Normal curves with the original mean (in blue) and the new mean (red dashes) are shown below.  The area to the left of the value 54.5, representing the percentage of candy bars that weigh less than advertised, is smaller with the new mean:

d) What is the downside to the manufacturer of making this change?  I want students to realize that increasing the mean weight means putting more candy in each bar, which will have a cost, perhaps substantial, to the manufacturer.

e) Now suppose that the manufacturer decides to keep the mean at 55.0 grams.  Instead they will change the standard deviation to achieve the goal that only 1% of candy bars weigh less than advertised.  Would the standard deviation need to increase or decrease to achieve this goal?  Explain.  When students need a hint, I ask: Does the original normal curve need to get taller and narrower, or shorter and wider, in order to reduce the area to the left of the value 54.5 grams?  This question is harder than the one about shifting the mean, but most students realize that the curve needs to become taller and narrower, which means that the standard deviation needs to decrease.

f) Determine the value of the mean that would achieve the goal that only 1% of candy bars weigh less than advertised.  Once again we need a z-score of -2.326 to determine the bottom 1% of the distribution, which again means that the advertised weight needs to be 2.326 standard deviations below the mean.  We can express this algebraically as: (54.5 – 55.0) / σ = -2.326.  Solving gives: σ = (55.0 – 54.5) / 2.326 ≈ 0.215 grams.
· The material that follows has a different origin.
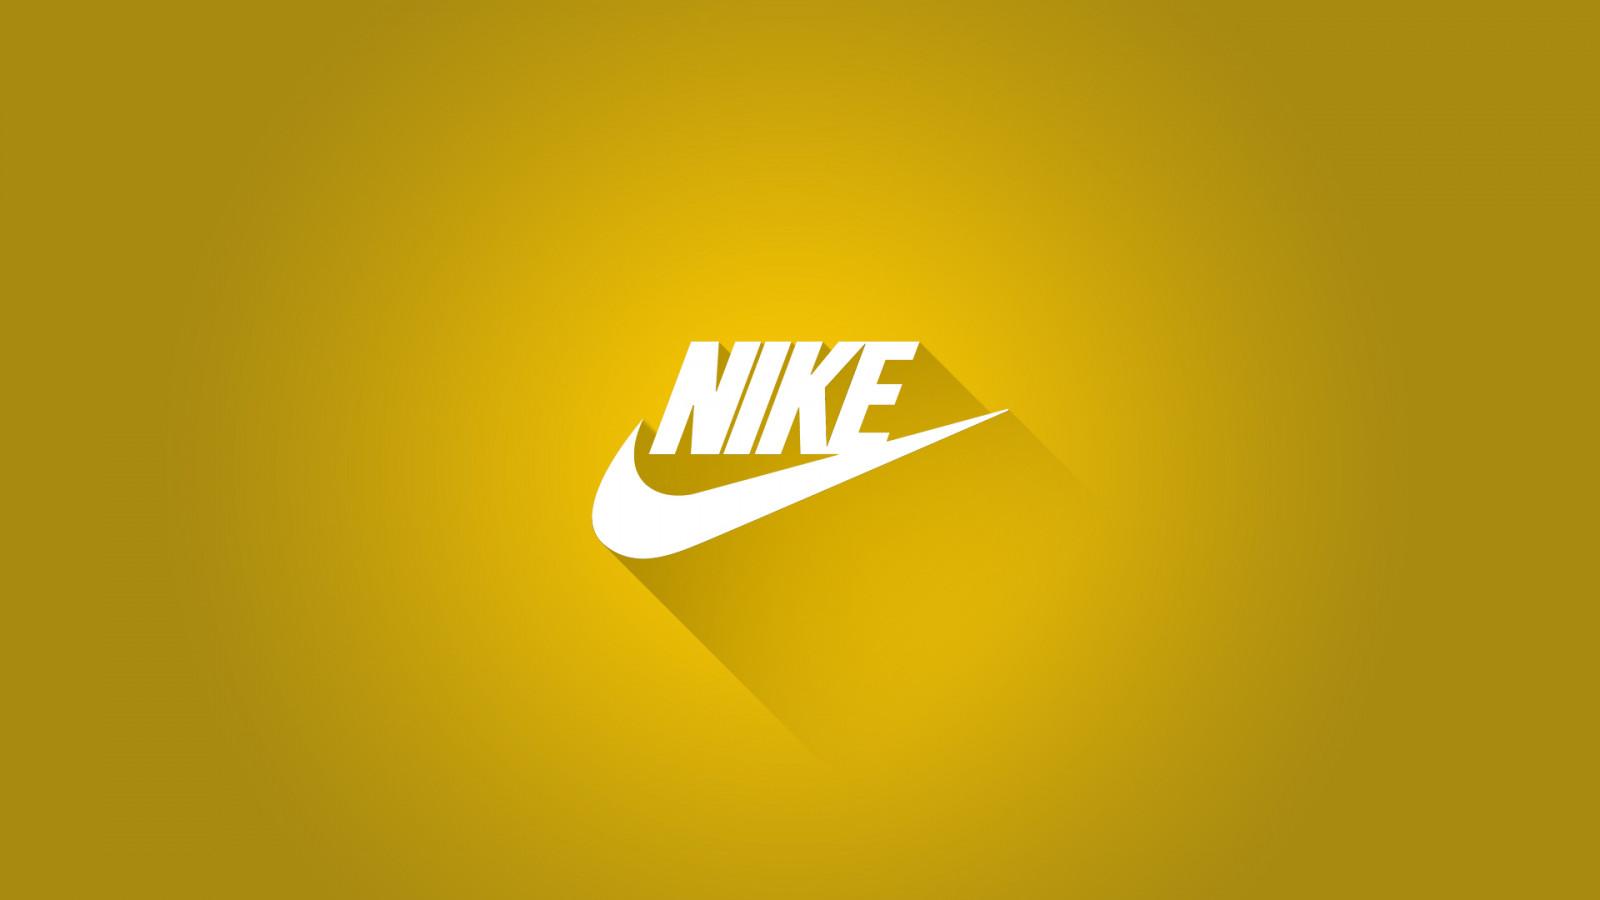 Fond D Ecran Nike Illustration Sport Texte Logo Jaune

Normal curves with the original standard deviation (in blue) and the new one (red dashes) are shown below.  The area to the left of the value 54.5 is smaller with the new standard deviation:

g) Why might this be a difficult change for the manufacturer to make?  Decreasing the standard deviation of the weights requires making the manufacturing process less variable, which means achieving more consistency in the weights from candy bar to candy bar.  Reducing variability in a manufacturing setting can be a daunting task.

h) By what percentage does the manufacturer need to decrease the standard deviation of the weights in order to achieve this goal?  Percentage change is a challenging topic for students, so I look for opportunities to ask about it often*.  The manufacturer would need to decrease the standard deviation of the weights by (0.215 – 0.3) /  0.3 × 100% ≈ 28.3% to achieve this goal.

* See post #28 (A persistent pet peeve, here) for many more examples.


Teachers of introductory statistics must decide:

  • Whether to teach normal distributions as models for numerical data or only as approximations for sampling distributions;
  • Whether to include the process of standardization to z-scores when performing calculations involving normal distributions;
  • Whether to ask students to use a table of standard normal probabilities or use only technology for calculating probabilities and percentiles from normal distributions.

You can tell from the examples above that my answers are yes to the first two of these, and I don’t much care about whether students learn to read an old-fashioned normal probability table.  I do care that students learn that a normal curve only provides a model (approximation) for a distribution of real data, and that many numerical variables have a distribution that is not close to normal.  I also expect students to learn how to think carefully through normal distribution calculations that go beyond the basics.

In a follow-up post, I will describe an activity that gives students more practice with normal distribution calculations while also introducing the topic of classification and exploring the concept of trade-offs between different kinds of classification errors.